Abstract 350: Metabolism of Nitrite and Sulfide in the Aging Cardiovascular System

Abstract

Introduction: Hydrogen Sulfide (H2S) and Nitric Oxide (NO) are gaseous signaling molecules that affect many pathophysiological functions like vasodilation, anti-inflammation, cytoprotection, anti-apoptosis, mitochondrial respiration and angiogenesis. These actions suggest that the relationship between these gasotransmitters could be involved in the cardiovascular aging response. Objective: We examined the age dependent regulation of H2S and NO metabolites in mice. Methods: Levels of H2S and NO metabolites were measured in various organs of C57BL/6J wild type mice at age 6, 12 and 24 weeks. The monobromobimane (MBB)-HPLC method was used to measure various sulfide pools. NO metabolites were measured using NO chemiluminescence. One-way ANOVA with bonferroni post-testing was used to compare metabolites between age groups. A p value of ≤ 0.05 was considered significant.
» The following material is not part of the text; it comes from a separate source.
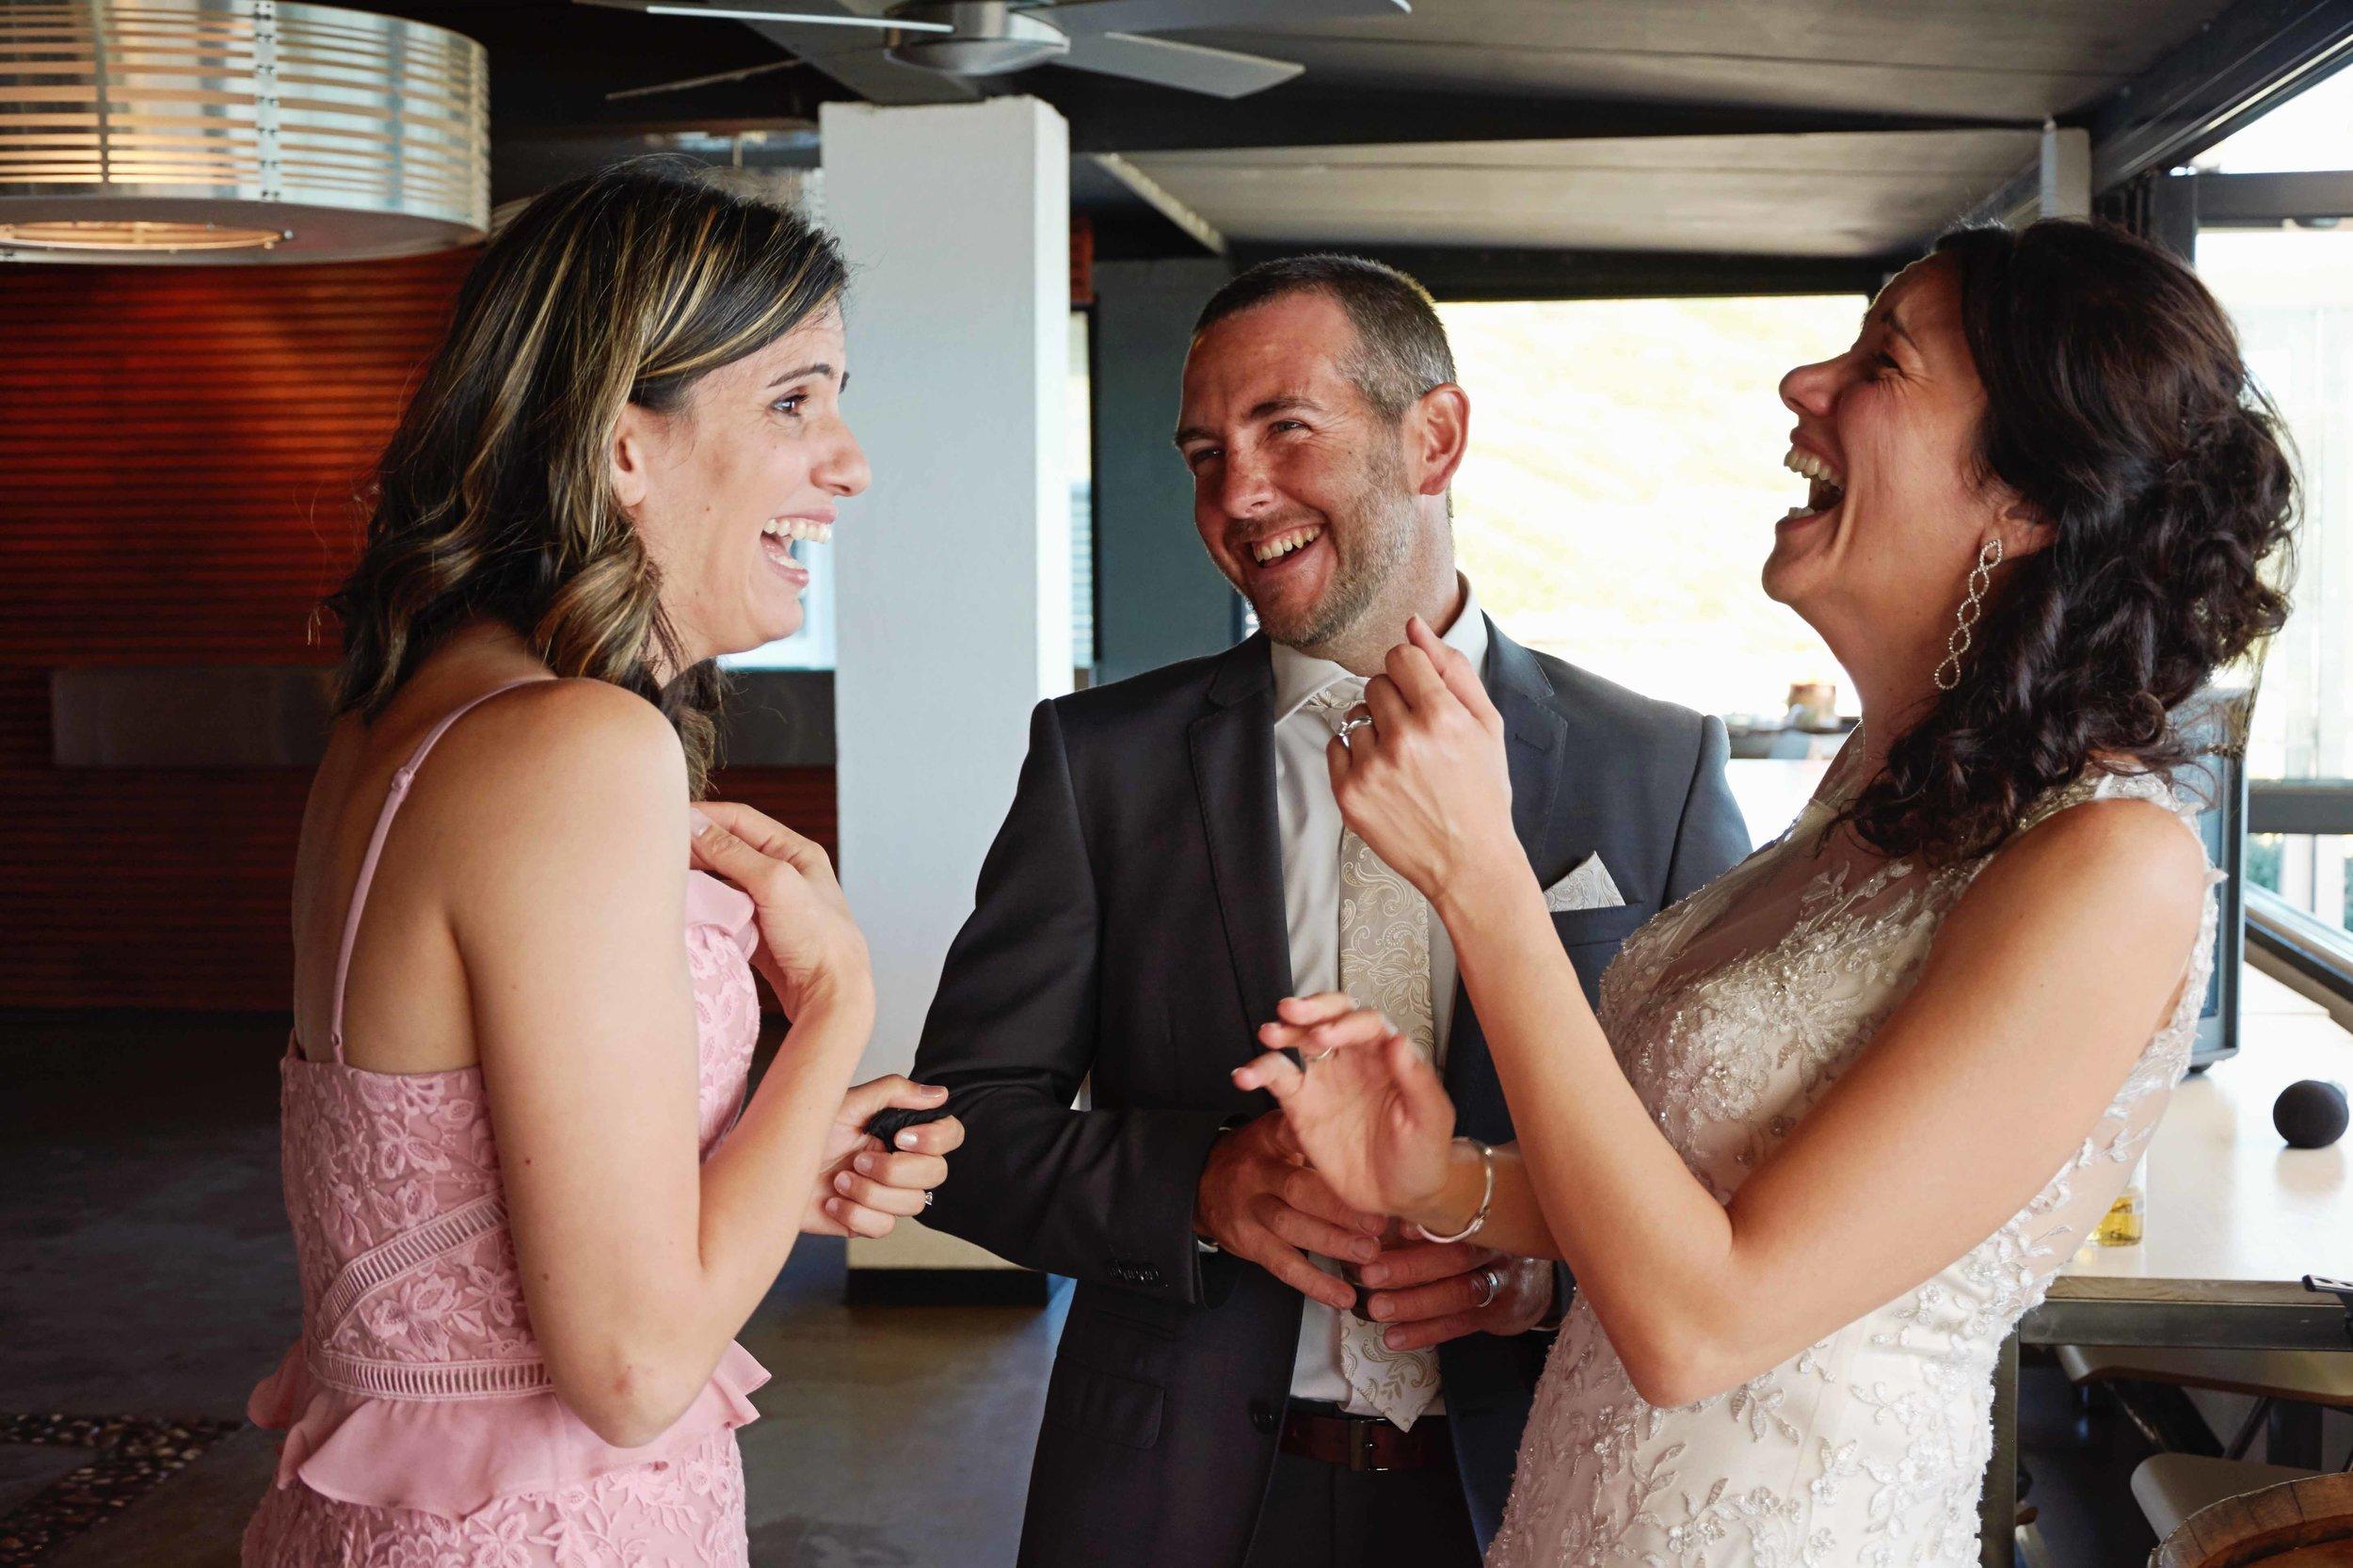 sorrento-wedding-photography-all-smiles-marissa-jade-photography-112.jpg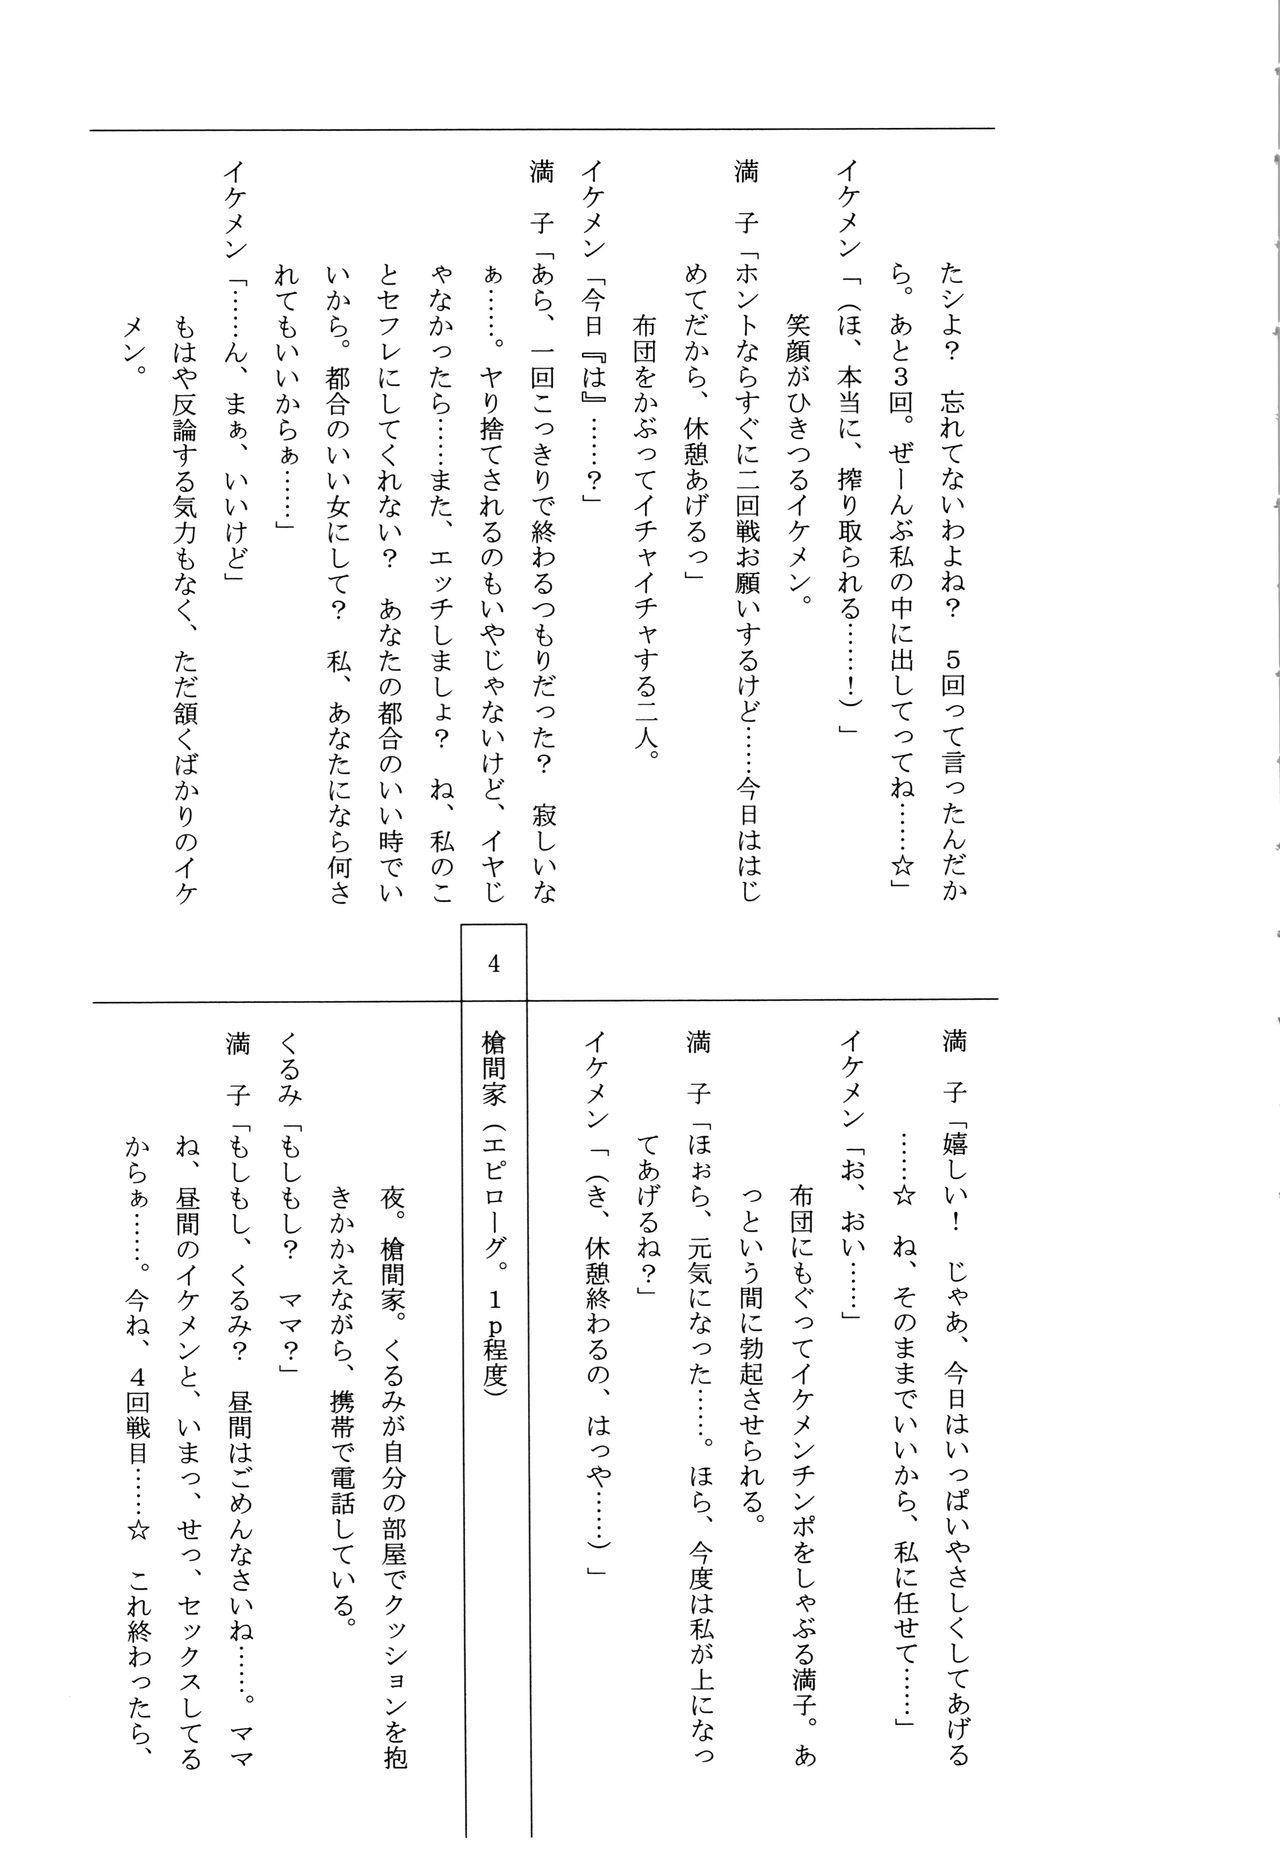 Teisou Kannen ZERO Shinsouban 1 194

Results: In the heart, lung and kidneys there was a significant increase in total and free sulfide levels with age over 24 weeks. In the heart, bound sulfide and acid labile sulfide remained stable with age. In the kidney, the bound sulfide increased with age and acid labile sulfide remained stable. In the lung, bound sulfide remained stable and acid labile sulfide remained stable with age. In the aorta and mesenteric artery, tissue total sulfide levels decreased with age. Lastly, the ratio between total H2S versus NO significantly increased with age in the heart and kidney. Conclusion: Our study reveals novel relationships between cardiovascular H2S and NO metabolism during aging. The increased H2S/NO ratio during aging may indicate important biochemical changes that affect cardiovascular pathogenesis.